# Malaysian Trumpet Snails



## Abradel (Jan 27, 2018)

Hi there everyone, 

Once upon a time I had a giant show tank and 42 others in a fish breeding room with all the little critters living happily within. I lived in Calgary, knew where all the good fish folk were and which shops to avoid, who had the rare eggs, who had the best DIY tricks. . . Fast forward several years, I now live in Pairs, On. and have no gear, no fish, no clue! 

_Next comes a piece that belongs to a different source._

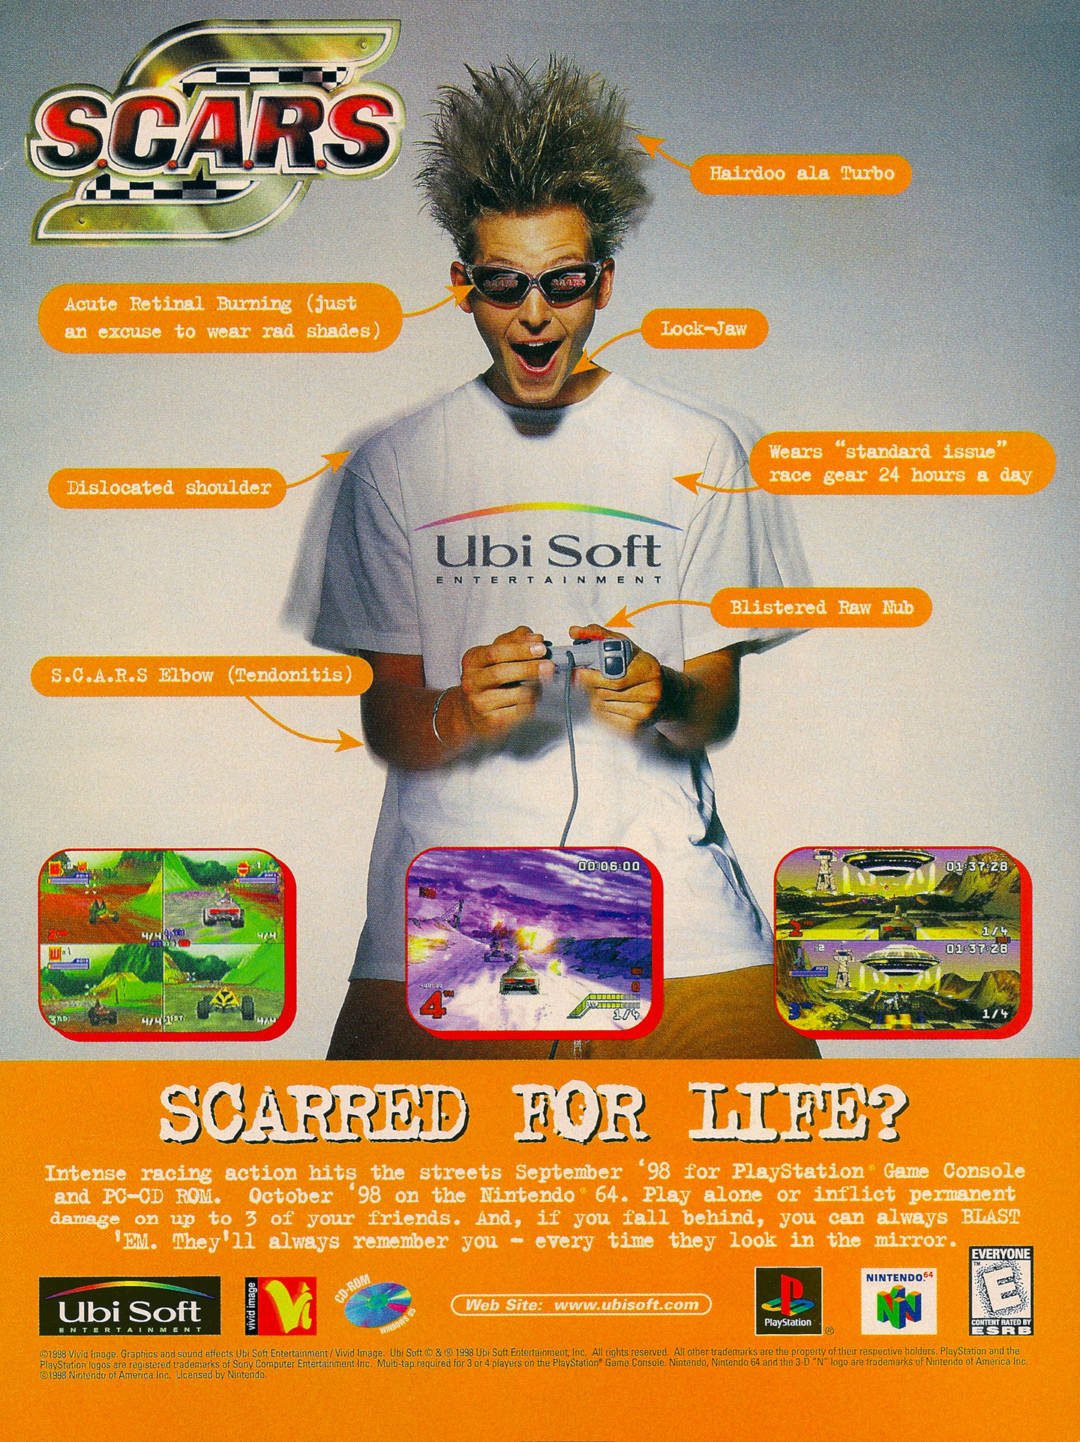 90s video game ads -  poster - Scars Acute Retinal Burning just an excuse to wear rad shades Dislocated shoulder S.C.A.R.S Elbow Tendonitis 445887 Ubi Soft Entertainment Kar CdRom Ubi Soft R 00 Lock Jaw Hairdoo ala Turbo Web Site " Wears standard issue ra

But that's slowly changing! I'm in the process of getting back up and running but I am having a very hard time finding Malaysian Trumpet Snails. Is anybody aware of any shops in Southwest Ontario that carries these guys? I'd really like to try to avoid driving 2-3 hours for some snails! 

Please help! Thanks all.

Ab


----------



## Nebthet78 (Aug 21, 2017)

Coldmantis! He sells Malaysian Trumpet Snails. He lists them in one of his ads on here, I think in the planted area. Get ahold of him and let him know how many you were looking for. 

I know he's not near you in Southwest Ontario, but as a last resort he does ship.


----------



## coldmantis (Apr 5, 2010)

lol thanks. I can ship them when the weather gets better above 10c. They are a .25 each, I have anywhere from 400-1k lol


----------



## Nebthet78 (Aug 21, 2017)

Coldmantis, 

How do these snails do with ADA Aquasoil?


----------



## coldmantis (Apr 5, 2010)

I had them with my netlea soil which buffers to 5.5-6ph and they were fine.


----------



## Abradel (Jan 27, 2018)

My experience with MTS is that they'll live in anything and once you have them, good luck getting rid of them. BUT personally I feel they're one of the best creatures to have in the tank. They eat all the dead stuff, they mix up your substrate, they really only come out at night so it's not like your tank is littered with them and it looks horrible AND they leave the live plants alone. 

I like to think of them as my night cleaning crew  

I had a 125g tank before with THOUSANDS of these things in it. A fish would die (smaller fish) and I would just leave it in there. Snails had it gone without a trace by morning. 

Now I just need to get some


----------